Bamforth–Lazarus syndrome was first recognized as genetically determined when it was reported in 1989 by British physicians J. S. Bamforth and J. H. Lazarus. The two Welsh infant brothers studied, born to consanguineous parents, had distinctive symptoms that were unprecedented and different from previous studies of abnormal hair and hypothyroidism where they were able to have normal mental development.[4] They presented with hypothyroidism, spiky scalp hair, cleft palate, choanal atresia, and a bifid epiglottis.[4] In 1993, a female infant was reported by Buntincx and colleagues with similar distinctive characteristics, which revealed that the condition occurs in both sexes and thus is not linked to the X chromosome.[15] Clifton-Bligh et al. in 1998 followed-up the two Welsh brothers and although their spiky hair persisted, with thyroxine therapy they both had normal growth and pubertal development. In the same year, the researchers identified variants in the FOXE1 gene as the genetic cause of thyroid agenesis in Bamforth–Lazarus syndrome.[8]

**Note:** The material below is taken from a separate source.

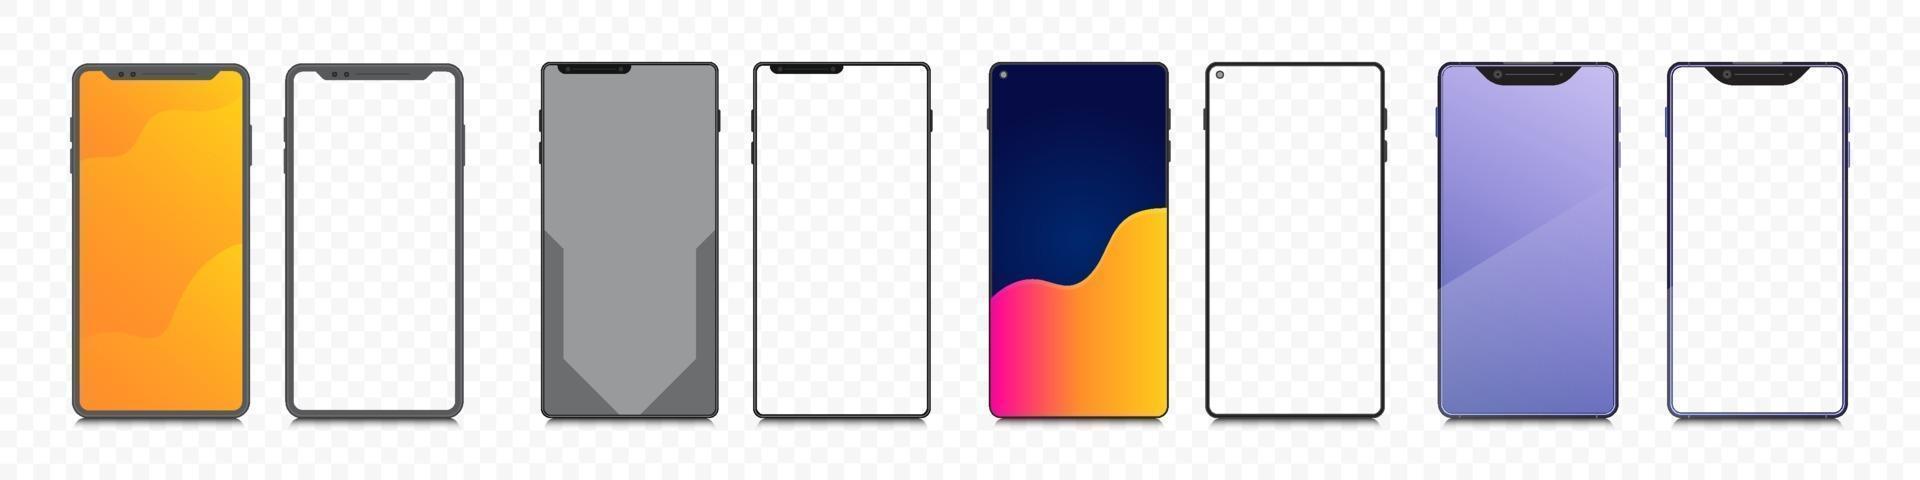 Smartphone-Modell einstellen. Bündel mobiler transparenter Bildschirm. Sammlungsrahmen Telefonanzeige Hintergrund. vektor

In the early 2000s, two brothers from Tunisia who were born to consanguineous parents reported by Castanet et al. had congenital hypothyroidism and cleft palate but did not have characteristics of choanal atresia or a bifid epiglottis.[10] This finding was able to demonstrate that the syndrome is able to be presented in variety of severities.[10] A few years later, researchers Barış and colleagues documented a Turkish female patient with similar clinical features and a small, nonfunctional thyroid gland in its normal location, suggesting that thyroid tissue can develop even when TTF2 function is impaired.[11]

In 2010, an unprecedented case of FOXE1 variants of homozygosity from maternal isodisomy was reported by Castanet and colleagues of a German girl with similar characteristics of the syndrome but still followed the pattern of autosomal recessive inheritance.[12] Recently, in 2022, Sarma et al. described an Indian patient with a homozygous frameshift variant in FOXE1 who also exhibited developmental delay, hearing loss, and mild cardiac findings other than the classic clinical symptoms.[1] In 2025, Al-Araimi and colleagues published a paper describing an Omani brother and sister where they were born to consanguineous parents, carried a novel FOXE1 variant.[13]

Epidemiology

Most of the known cases that were categorized as Bamforth–Lazarus syndrome have occurred in consanguineous families and are consistent with an autosomal recessive mode of inheritance pattern. The families reported come from diverse regions such as Europe, Turkey, South Asia. In the United Kingdom, Wales, and Northern Ireland, a population-based screening programs for congenital hypothyroidism, and have provided data on its overall incidence and have made early detection possible where congenital hypothyroidism which affects roughly one in every 3000-4000 newborns.[16] As Bamforth–Lazarus syndrome is a rare genetic condition, it is thought to be only accounted for a small fraction of the cases reported. Another study of congenital hypothyroidism in iodine-sufficient regions suggests that most congenital hypothyroidiam cases (1:3000-4000) arise sporadically or from other developmental defects, while inherited genetic factors such as FOXE1 (TFF2) explain only around two to three percent of the cases reported.[17][18]

Diagnosis

Typically, clinical signs of spiky hair, cleft palate, and congenital hypothyroidism lead to the diagnosis of Bamforth–Lazarus syndrome postnatally.[2] A thyroid ultrasound or computed tomography (CT) scan are also used in the diagnosis to identify thyroid dysgenesis.[2] The thyroid stimulating hormone (TSH) concentration in the blood should also be measured, in order to identify the severity of hypothyroidism in the patient, and determine the appropriate dosage for treatment.[2][5] The diagnosis can be further confirmed by using DNA sequencing techniques, such as exome sequencing or sanger sequencing, to identify pathogenic variants in the FOXE1 gene.[1][2]

Treatment

Thyroid replacement therapy

The standard treatment for Bamforth–Lazarus syndrome is thyroid hormone replacement therapy.[2] Most commonly, synthetic thyroid hormone called levothyroxine (LT4) is administered as an oral pill.[19] This treatment is started immediately after the diagnosis and TSH lab tests, in order to compensate for the low levels of thyroid hormone caused by thyroid dysgenesis. Thyroid hormone replacement therapy is administered throughout the patient’s entire life, and they should have regular appointments to monitor the TSH levels in their blood.[2] If the severity of hypothyroidism gets progressively worse, the dosage of levothyroxine may be increased over time.[19]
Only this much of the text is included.